但与此同时,如何平息PE/VC投资人或者地方政府“冲进去又冲出来”的冲动,继续保持因地制宜、多元化的探索格局,需要各方提早思考。
与此同时,胡萝卜跑的“爆发”也引发了公众对于“创造性破坏”的担忧,如何影响网约车司机的生计成为热议话题,有趣的是,有兴趣的人不难发现,一些对科技进步兴趣不大的媒体,却对这个话题表现出了极大的热情。
抛开这些“节奏大师”的花言巧语,确实需要正视民众对网约车的复杂心态,我们对网约车有“臭车”、“当铺灰色产业”等各种吐槽,也关注小个体在这个就业“水库”里的命运起伏。
要想戴上皇冠,就必须承受它的重量。要回答这个难题,跑在最前面的胡萝卜必须跑得快,这是它的职责。
有意思的是,李彦宏在其著作《智能交通》中曾做出过这样的明智预测:“交通对于人工智能来说,是一个很小众的领域,但对于一个国家、一个民族来说,它不仅仅是一个经济问题,这是一个社会问题、一个民生问题,是一个与每个人日常生活息息相关的问题,是一个仅靠市场力量无法真正解决的问题,是一个需要政府、企业、民众充分共识的系统工程。”
无论如何,心灵观察认为,在网约车的讨论中,至少有一个原则应该成为共识,那就是不能把新技术一股脑地倒掉,发展中的问题最终还是要通过发展来解决。
后来居上的启发
按照技术接受模型(TAM)分析框架,诸如“胡萝卜跑”或者现在的“胡萝卜跑”这样的超级传播事件几乎肯定会成为热门事件,因为它们广泛唤醒了公众对特定新兴技术易用性和可用性的认知,是加速市场渗透的里程碑。
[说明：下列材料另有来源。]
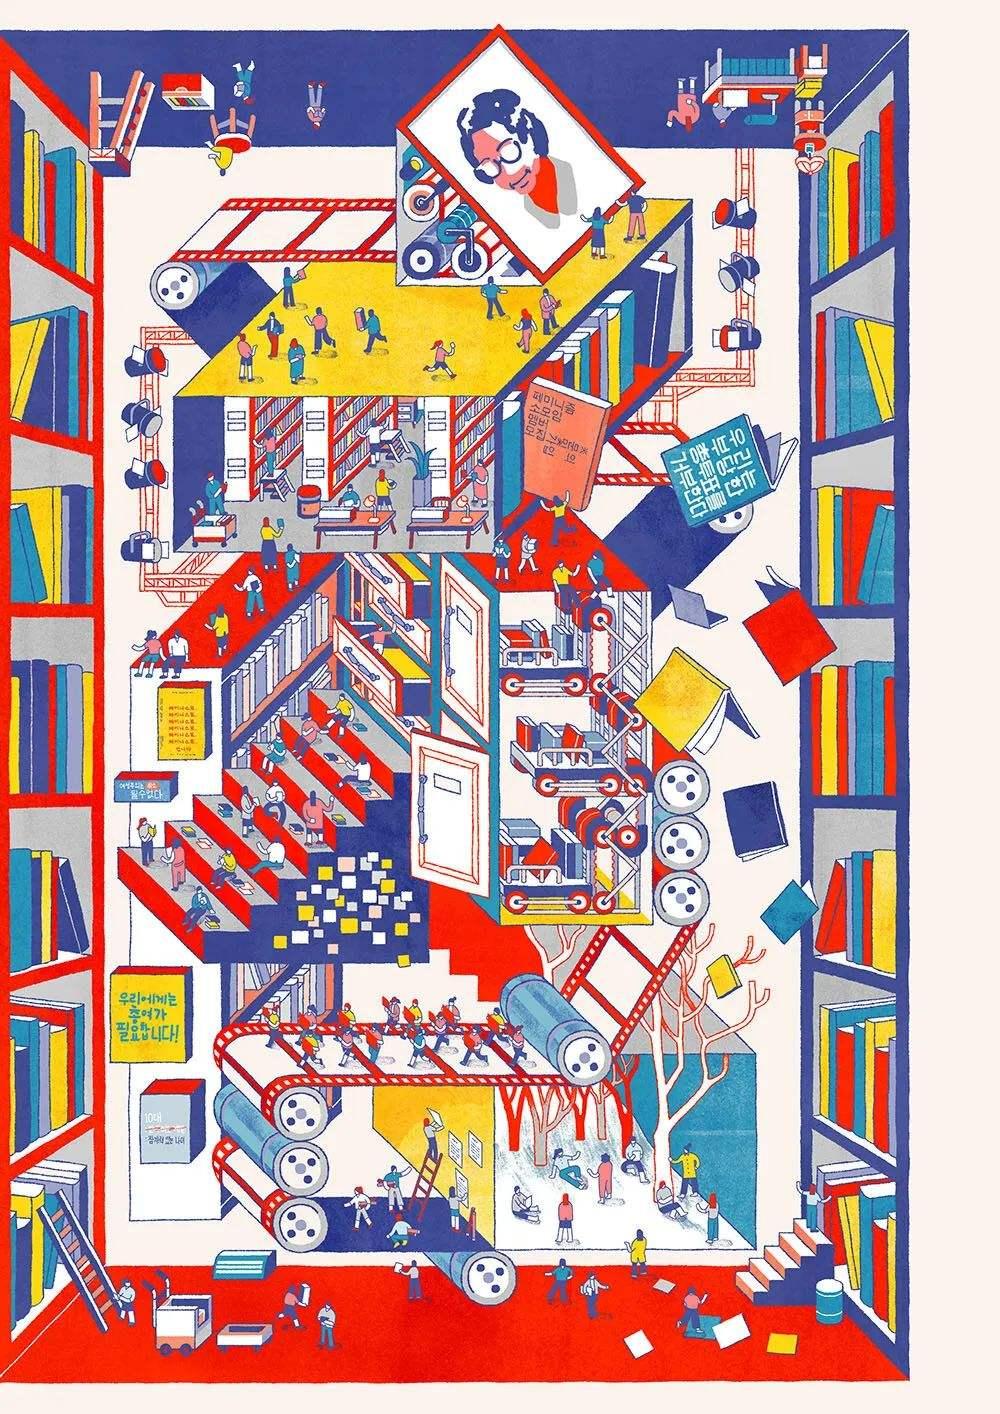 赏析 | Jisu Choi 的个性插画,色彩线条细节丰富 飞特网 插画设计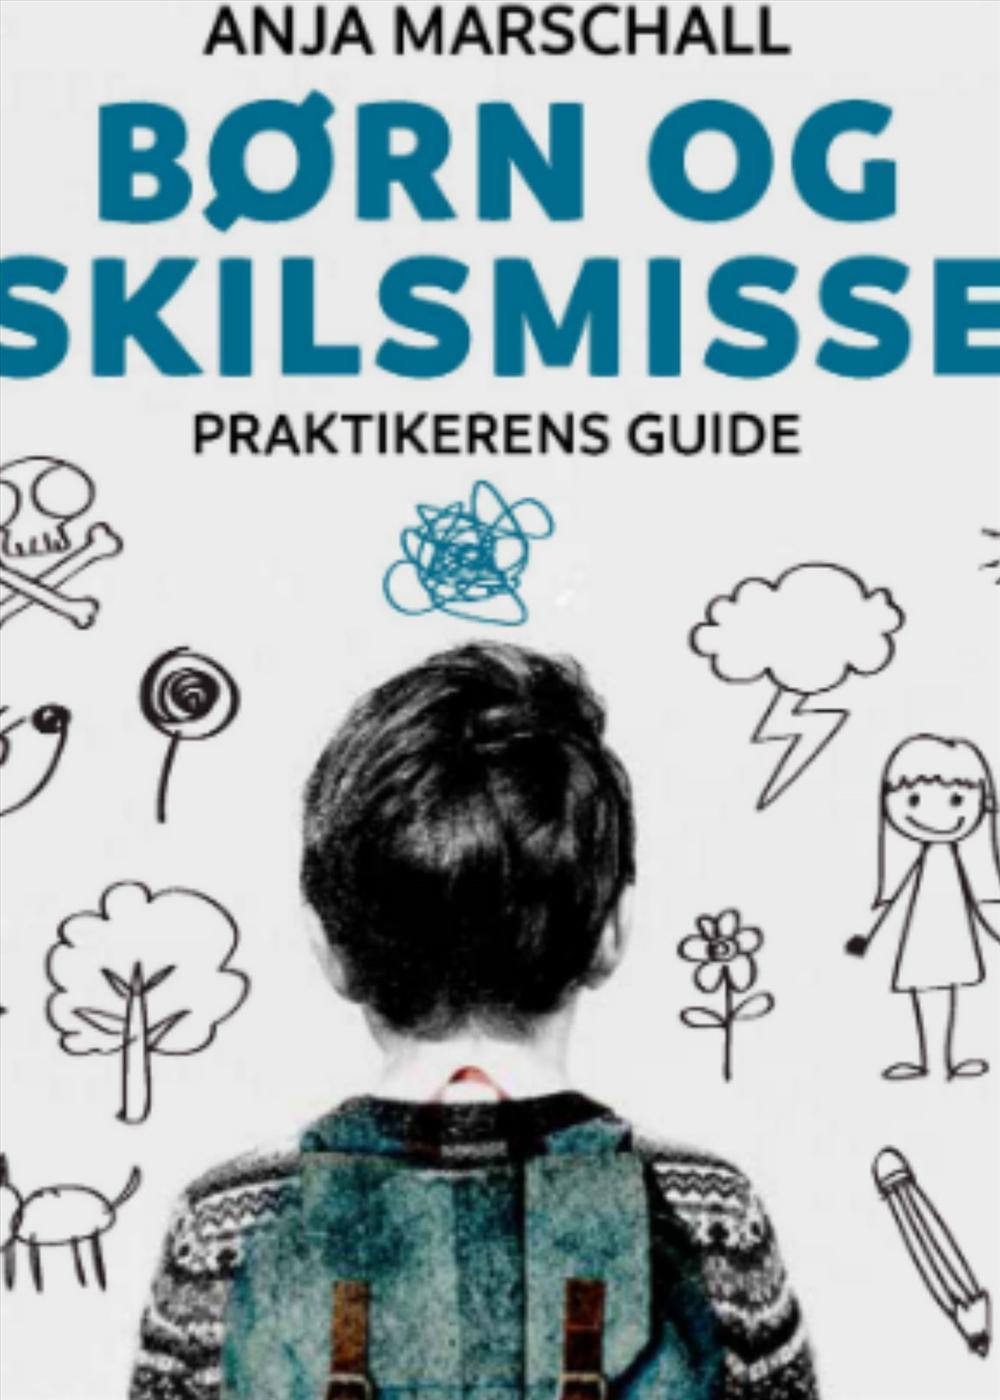 Børn og skilsmisse - Anja Marschall - Bøger - Samfundslitteratur - 9788759329061 - December 15, 2016

基于这样的理解,在 Run,乃至更多L4级自动驾驶商业模式落地之后,中国市场必然会进入一个新的发展阶段,在新的阶段,投资人和创始人谈论的更多,或许会是覆盖率、运营成本、订单增速等更“实在”的指标,而不是大洋彼岸的加州机动车管理局的MPI、MPD之类的“测试成绩”。
颇为遗憾的是,虽然“尖兵”谷歌Waymo、通用、特斯拉等公司也在美国市场发力,但商业模式探索的主线恐怕仍将在中国市场展开,借用全球知名科技咨询公司Yole Dé在年初的一份报告中的评论:“中国已经证明自己是自动驾驶技术的全球领导者。”
从轰动一时的Demo'97到DARPA Grand ,起步早、曾被视为“第二次加州淘金热”的美国自动驾驶行业,为何在规模化商业化发展上被中国超越?

在上述《智能交通》一书的后记中,李彦宏分享了自己的总结:“我非常庆幸我们国家有领先的科技人才红利,当我们有这么多的人工智能应用场景时,当我们有‘敢为天下先、敢为天下先’的政策理念时,其他地方不存在的场景在中国就存在,其他地方没解决的问题和难点就有机会在中国率先得到解决。”
确实,人才、场景、政策是解读中国自动驾驶产业最重要的三条线索。
与生成式人工智能少数天才就能点石成金不同,自动驾驶是一个工程味更浓的领域。知识积累与工程实践高度相关,从枯燥的数据收集到日常的校准调整,都需要大量人力,而中国在基层工程师供给上无疑拥有压倒性优势。据2019年的一项统计,我国本科工程专业共有19447个专业,在校生551万人,毕业生125万人。而目前美国所有工程专业的全日制本科生人数只有62万人,毕业生人数为13万人。
在应用场景方面,除了人口众多、产业门类齐全、地域辽阔等利好条件外,中国公众对于新技术的热情也远高于美国公众。据野村综合研究所(NRI)近期的问卷调查显示,在500余名受访者中,中国受访者中,有高达75.6%的人明确表示愿意尝试,而在美国受访者中这一比例仅为33.5%。这样的热情也意味着新技术的引入会更加顺利。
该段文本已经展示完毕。